### [What is required]
The response consists of the lines from the start of the material below through the line holding "James Turrell’s Event", repeated word for word and without pictures.

### [Information shown]
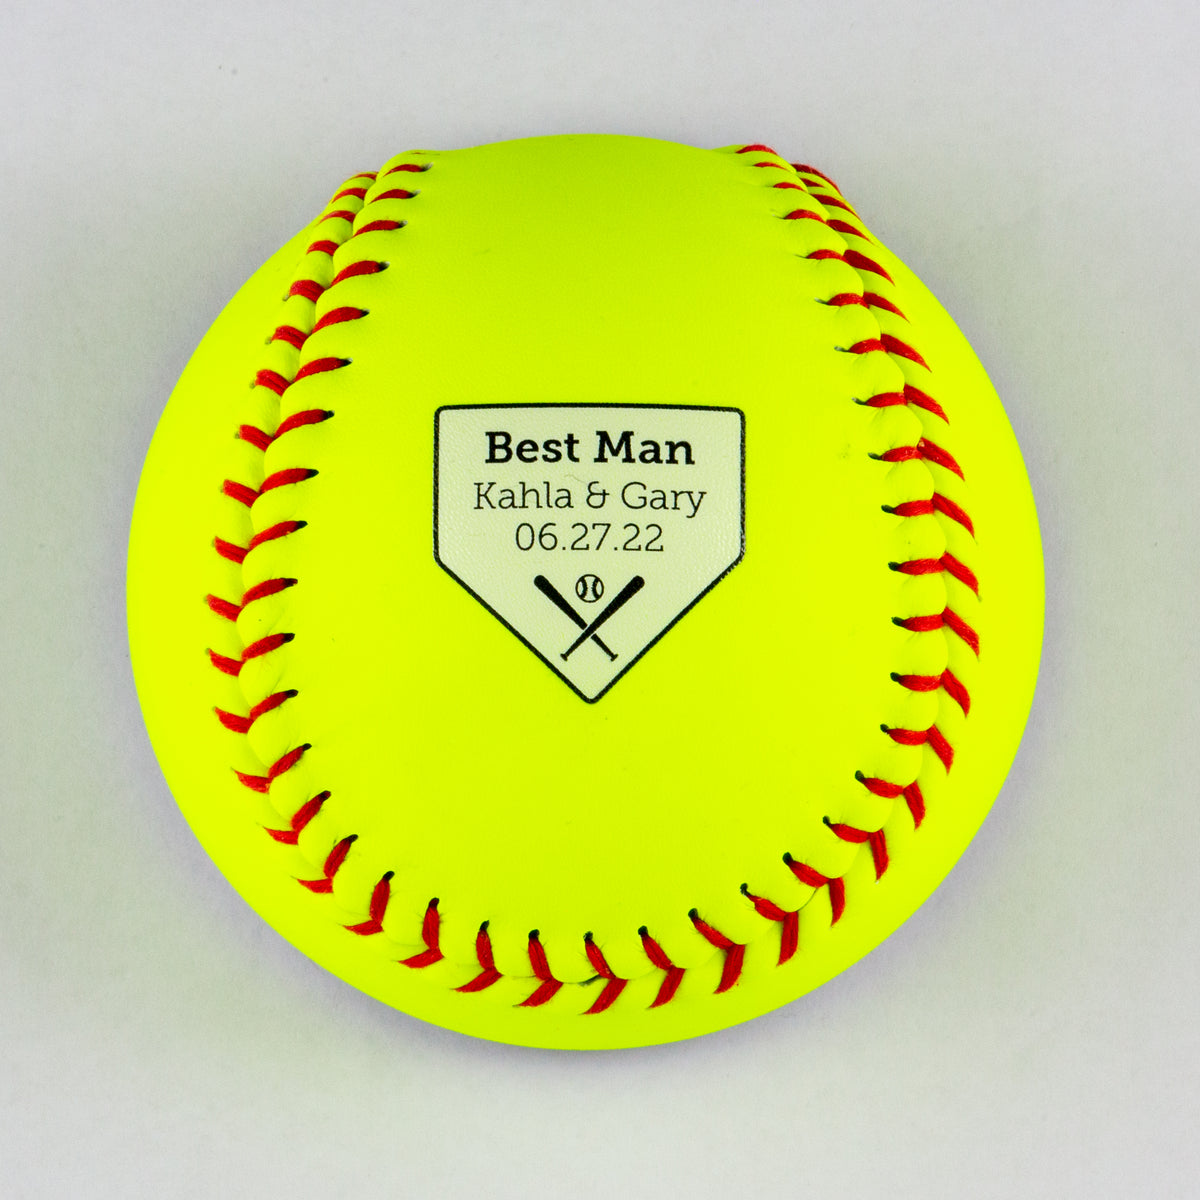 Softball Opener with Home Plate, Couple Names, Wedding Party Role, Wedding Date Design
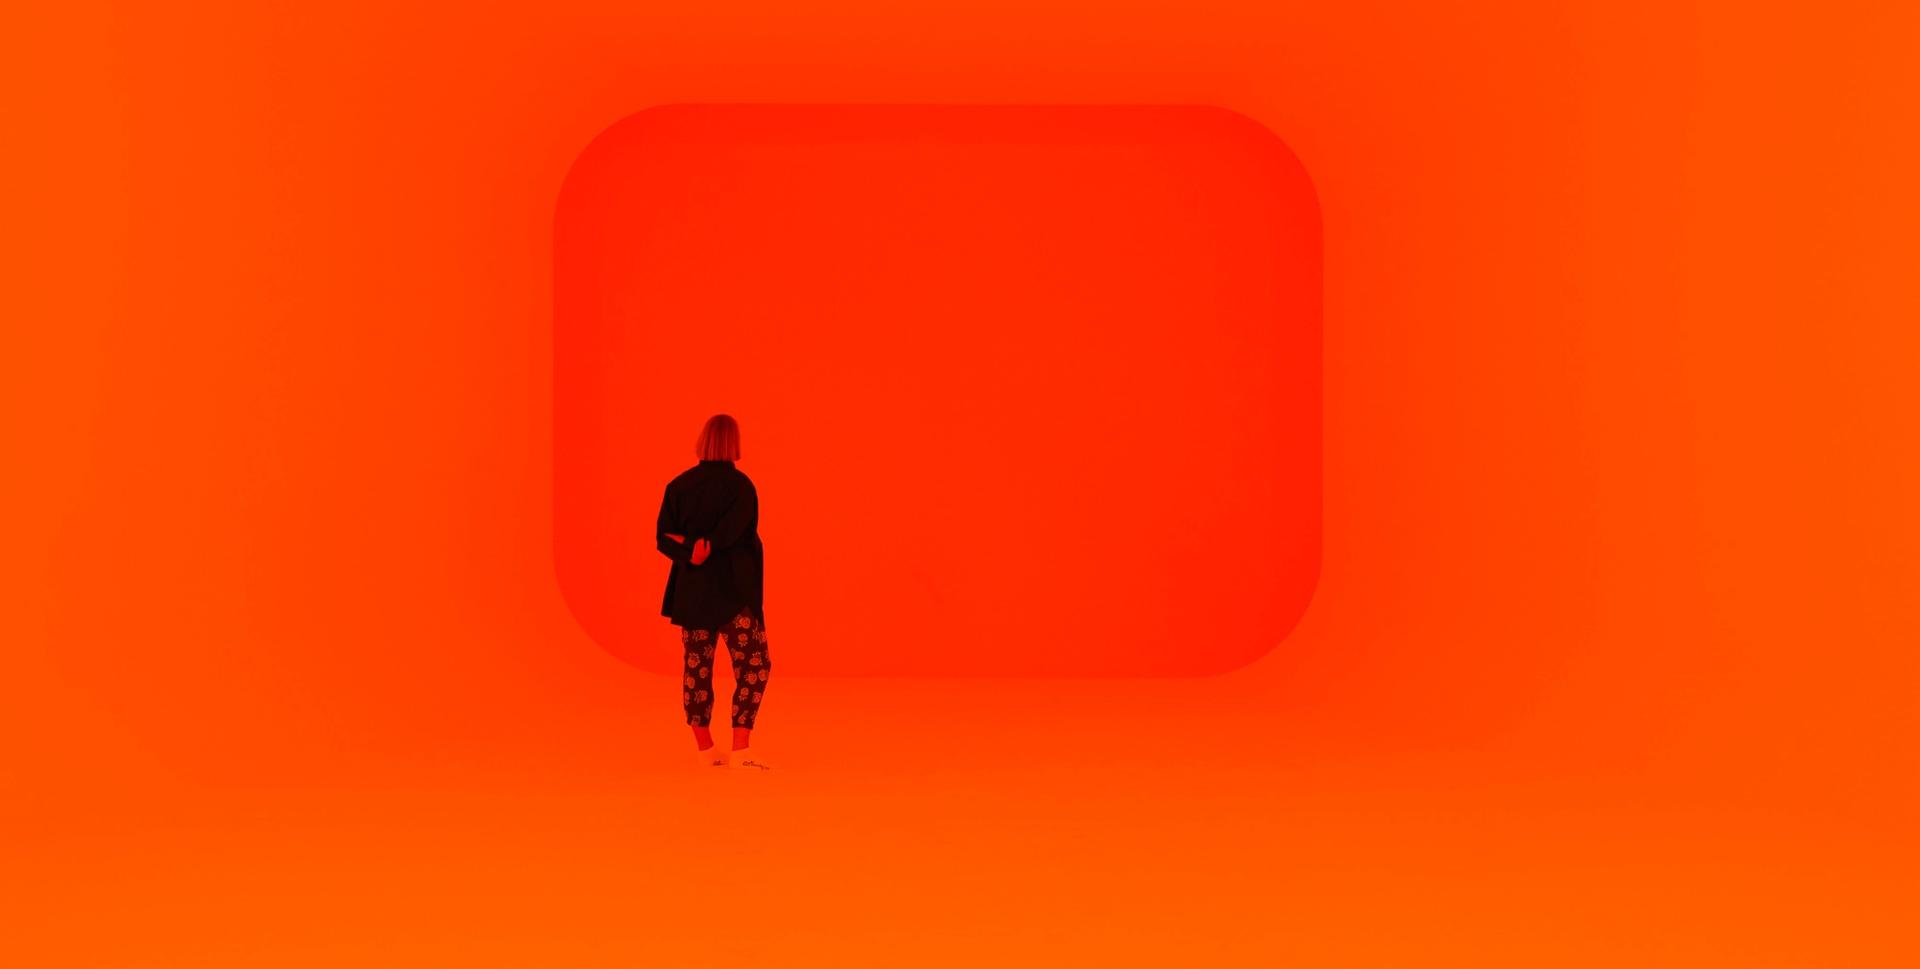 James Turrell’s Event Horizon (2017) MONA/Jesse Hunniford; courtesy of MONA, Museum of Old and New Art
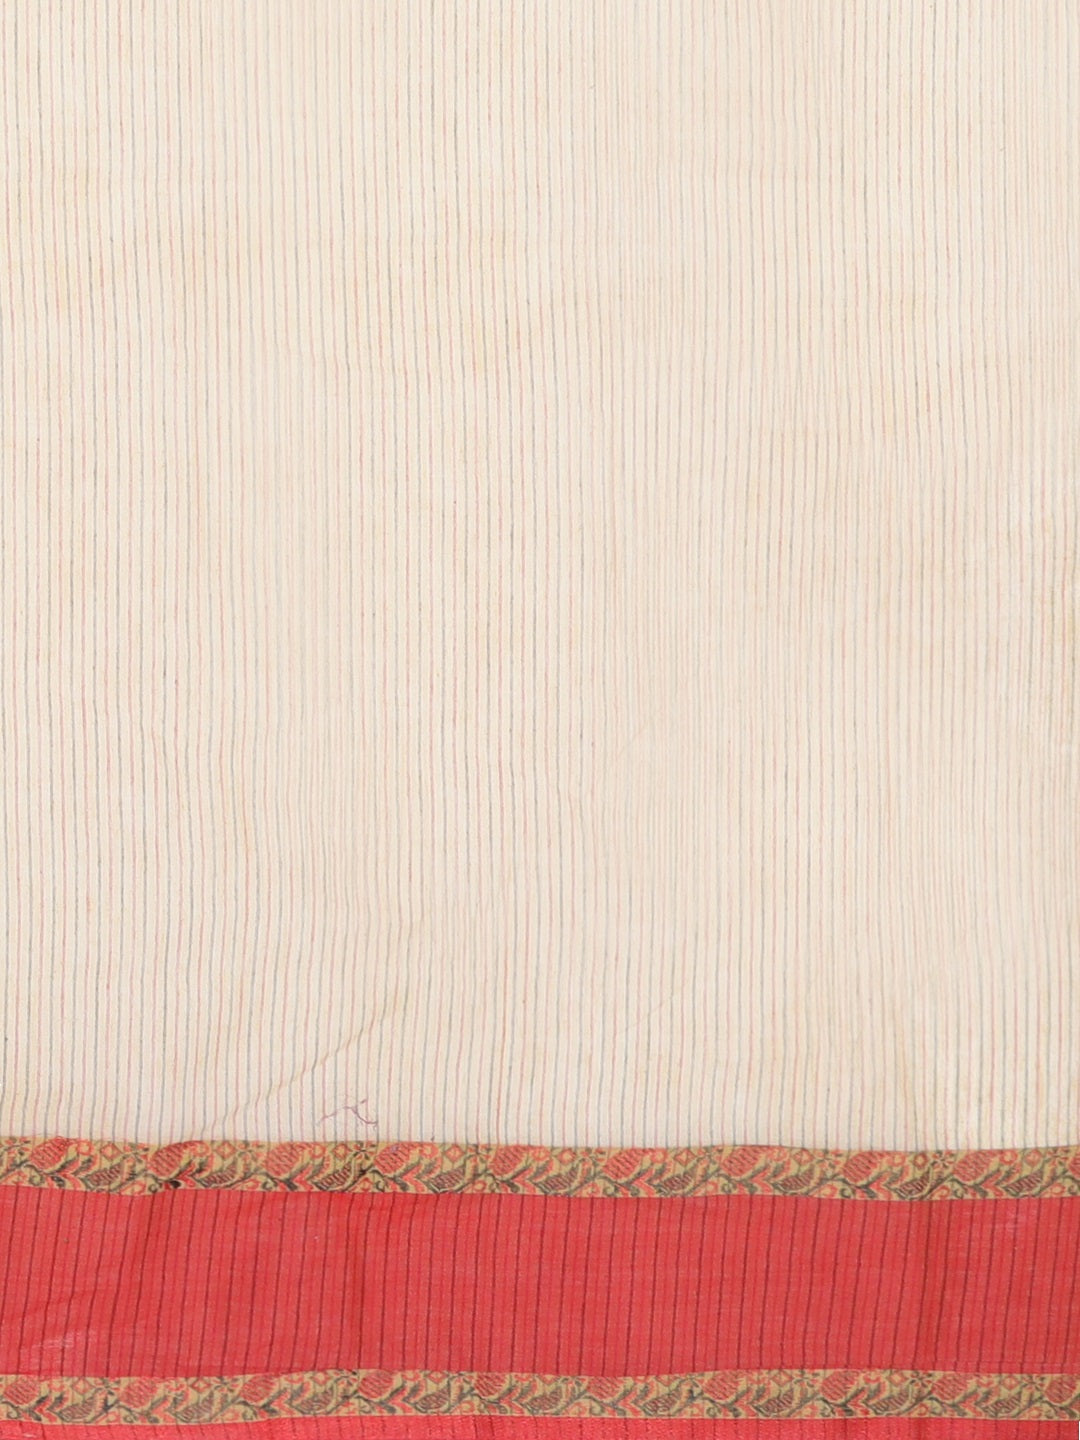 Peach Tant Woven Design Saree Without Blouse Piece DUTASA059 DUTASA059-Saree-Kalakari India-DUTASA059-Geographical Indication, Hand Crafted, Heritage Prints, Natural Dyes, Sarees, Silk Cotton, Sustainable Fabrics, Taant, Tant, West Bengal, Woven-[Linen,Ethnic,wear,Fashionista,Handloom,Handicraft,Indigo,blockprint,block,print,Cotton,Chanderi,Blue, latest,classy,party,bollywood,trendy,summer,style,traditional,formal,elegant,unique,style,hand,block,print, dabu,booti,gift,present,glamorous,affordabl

### [Response for this exercise]
 Softball Opener with Home Plate, Couple Names, Wedding Party Role, Wedding Date Design
 James Turrell’s Event Horizon (2017) MONA/Jesse Hunniford; courtesy of MONA, Museum of Old and New Art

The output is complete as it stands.